How often mistreated, how soon left behind, / How quickly forgotten / In three-quarter time?

But it’s herself Bobbie sings of as she recalls her own loves and losses over the years.

Remembering false loves / Buried deep in the past, / Recalling those partings, / The pain comes to mind

Then she wraps it up with how lucky she is now that all of that is behind her and she is driving down this road on this night with her sweetheart.

How often he holds me, / And fills heart and mind; / True love’s healing memories— / Those lost in waltz time

I heard the two of them play this at a small gathering of songwriters and players on Madison’s east side one night a couple of months ago.  They sucked me right in and it was the highlight of the night.

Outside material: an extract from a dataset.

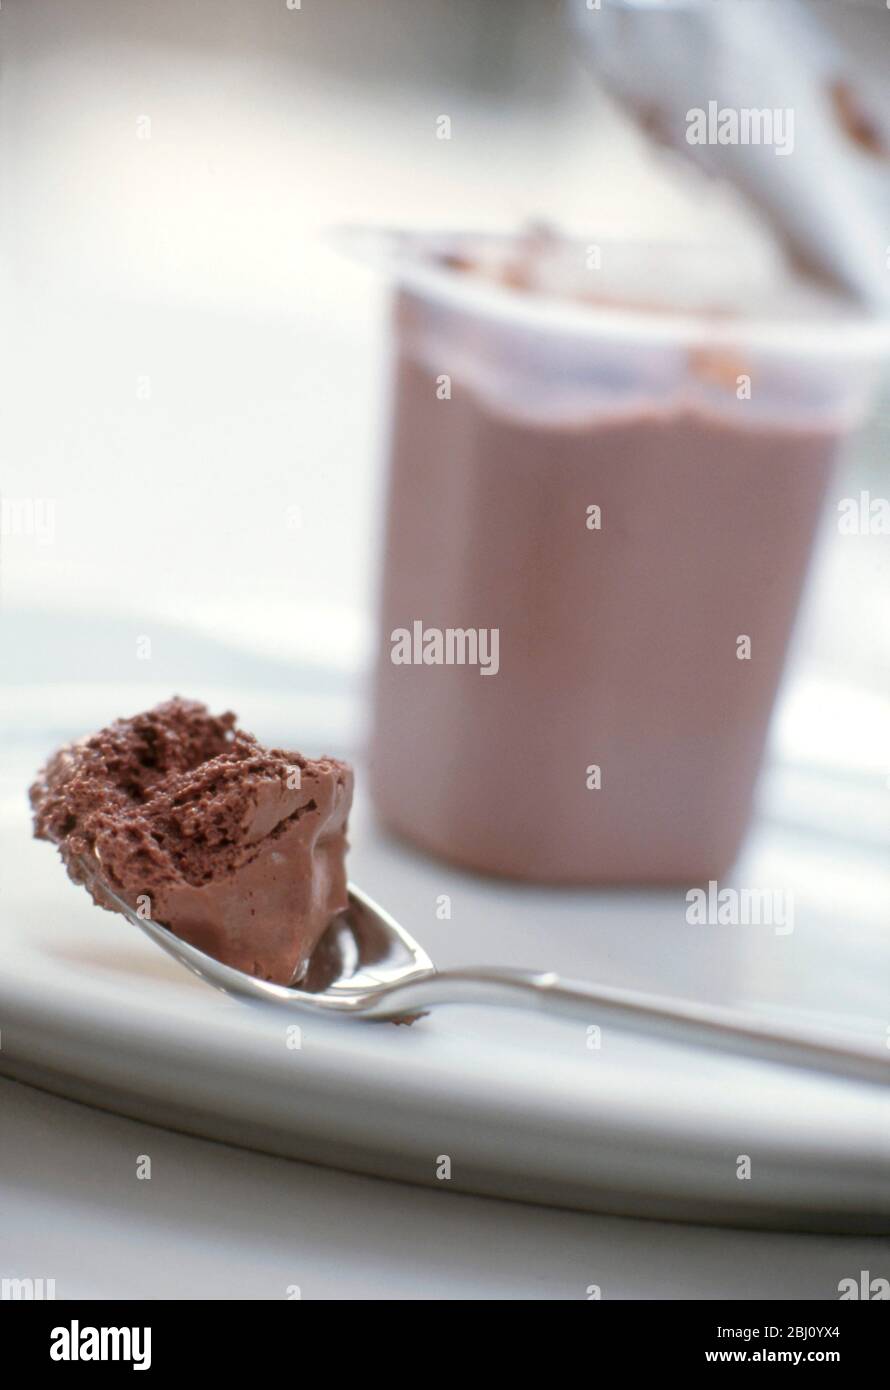 Spoonful of light chocolate shop bought mousse with open tub behind on white plate - Stock Photo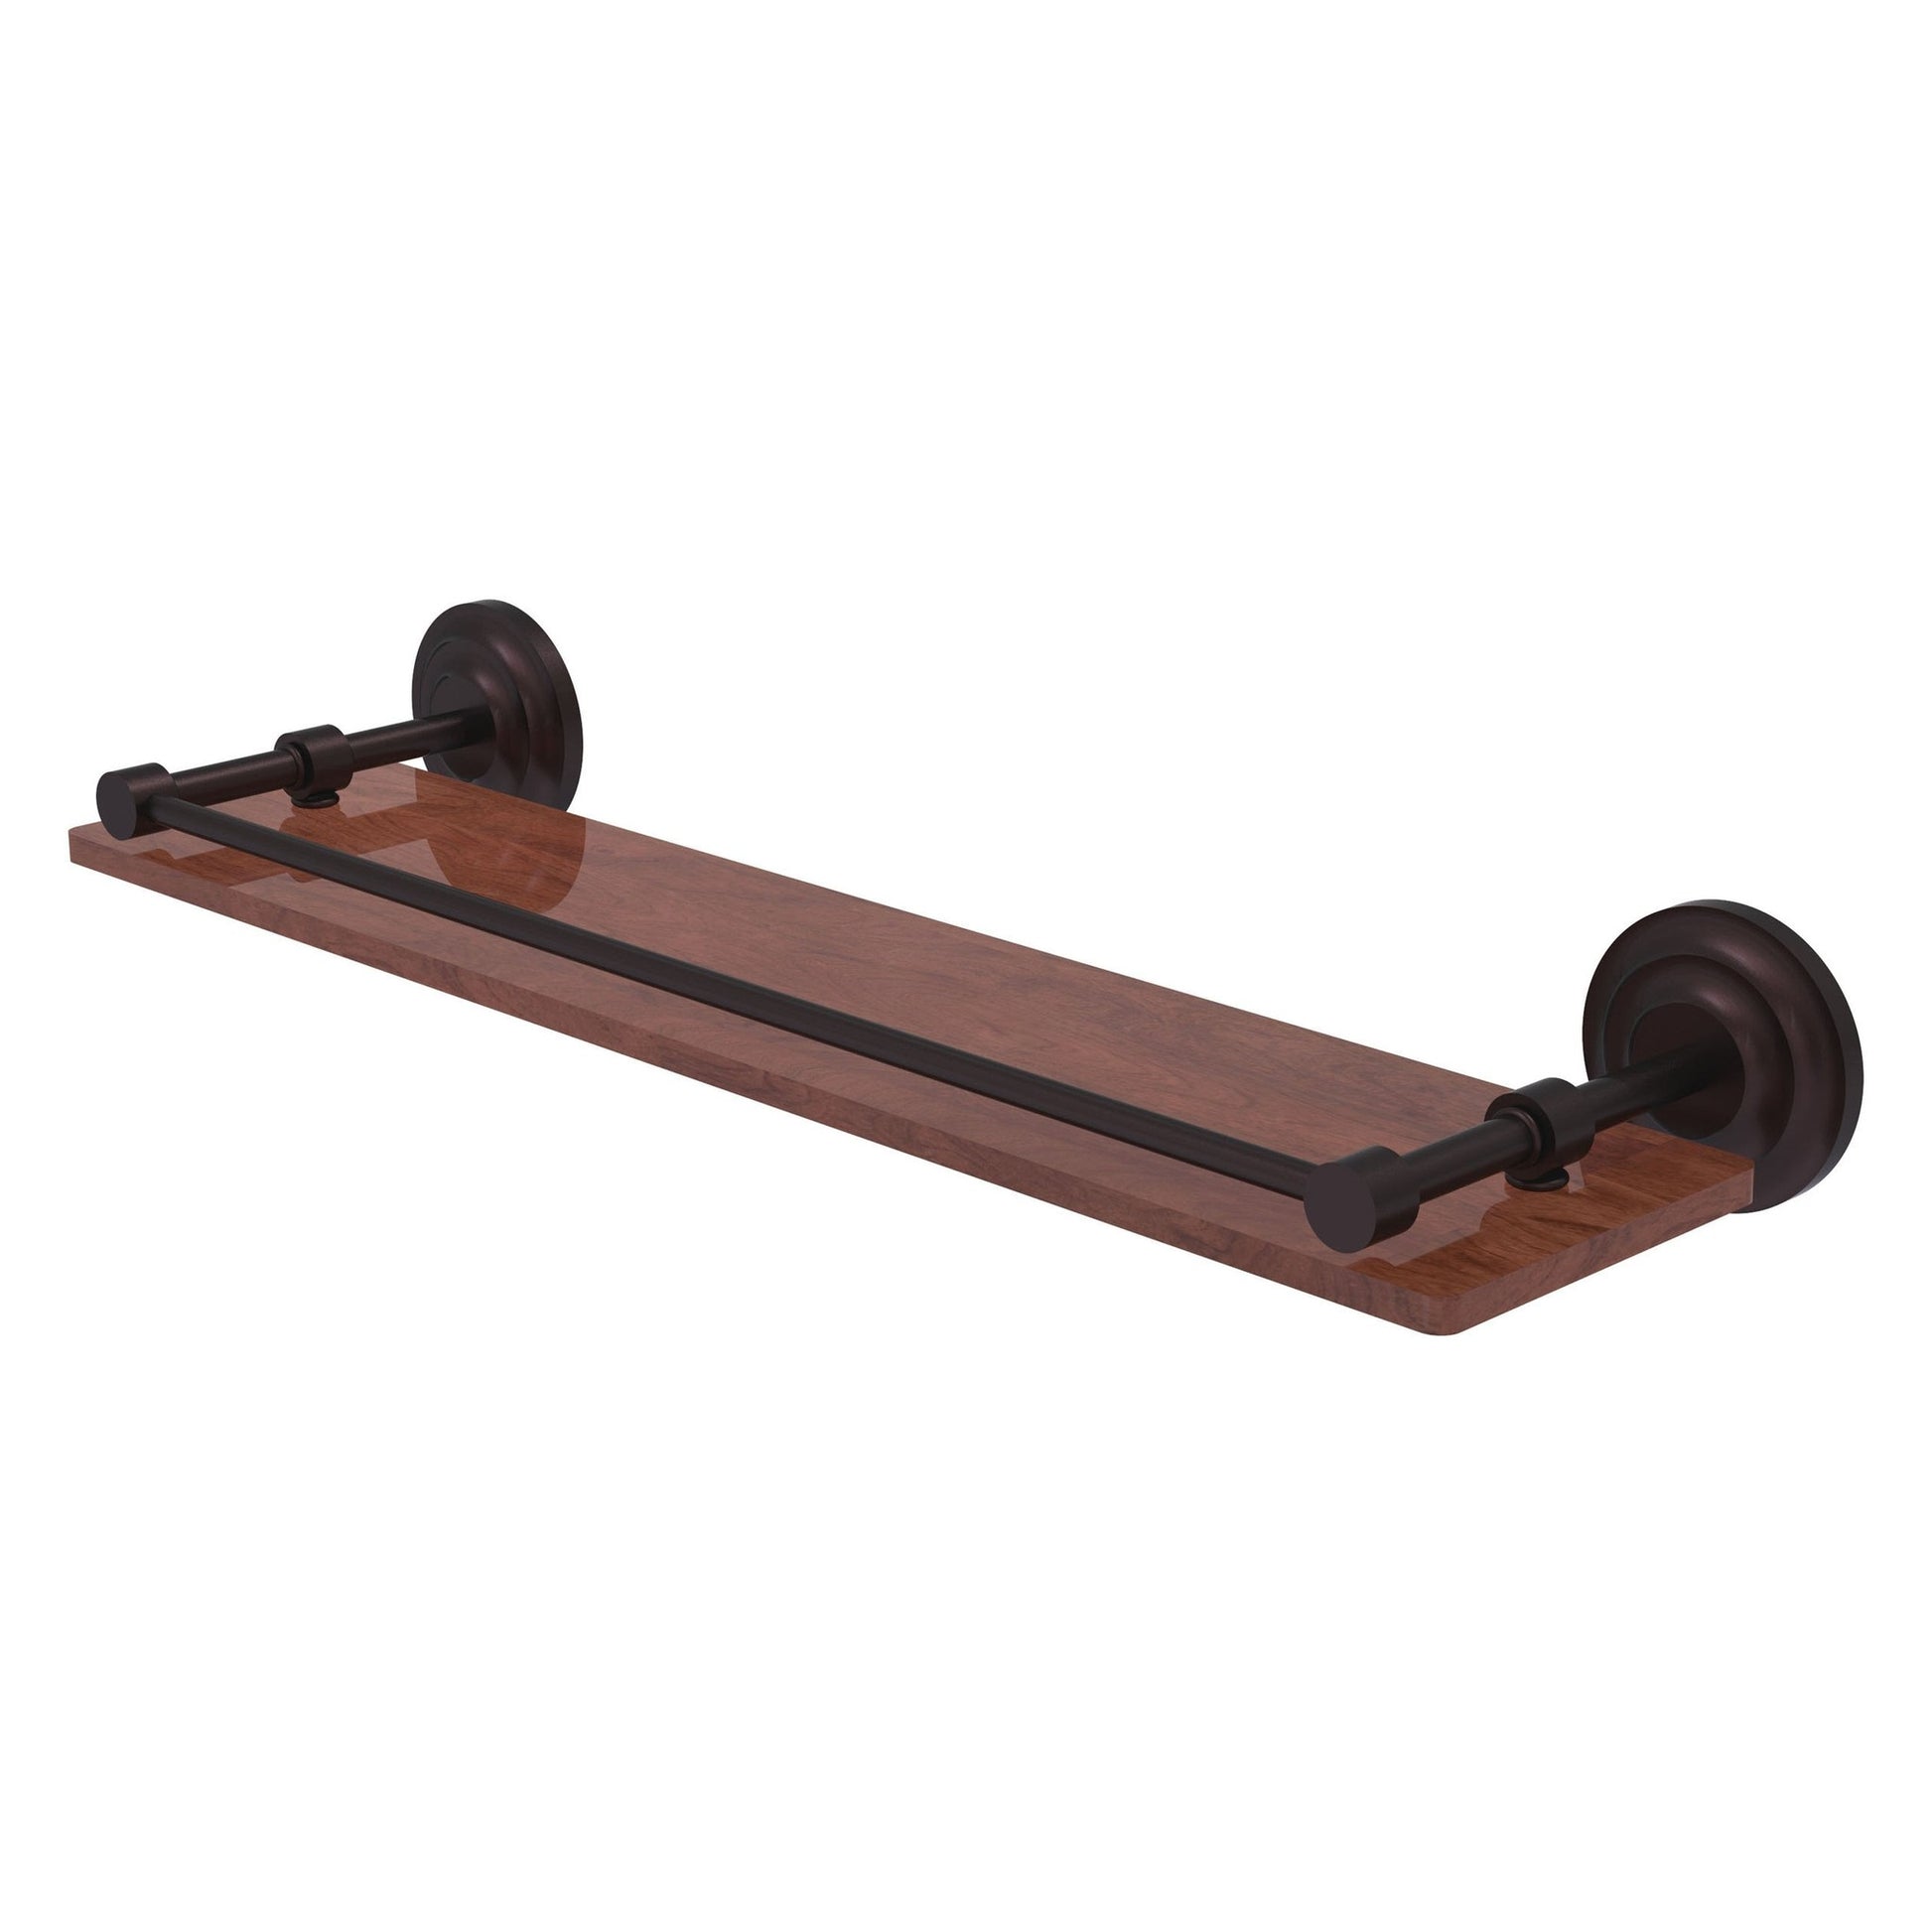 Allied Brass Que New 22" x 5" Antique Bronze Solid Brass 22-Inch Solid IPE Ironwood Shelf With Gallery Rail

I remember thinking that this song seemed to have it all.  It had the clever country title, the waltz-time hook, the pretty melody, the well-turned harmonies, and a nifty story to boot.  But it had the two of them, as well, living the ending of the tale and letting it roll out in three-quarter time.  “I started to think of the song as a joke”, Bobbie told me, “But then it turned out to be an original.”  Maybe it’s that touch of whimsy coupled with the Malones’ fine delivery that makes this song so memorable.  Whatever it is, I wish I had a recording of it.

You can’t find Bobbie and Bill Malone on their own website yet.  They’re still working on it.  But don’t worry; they are so much a part of the Madison music scene that you’ll run into them eventually.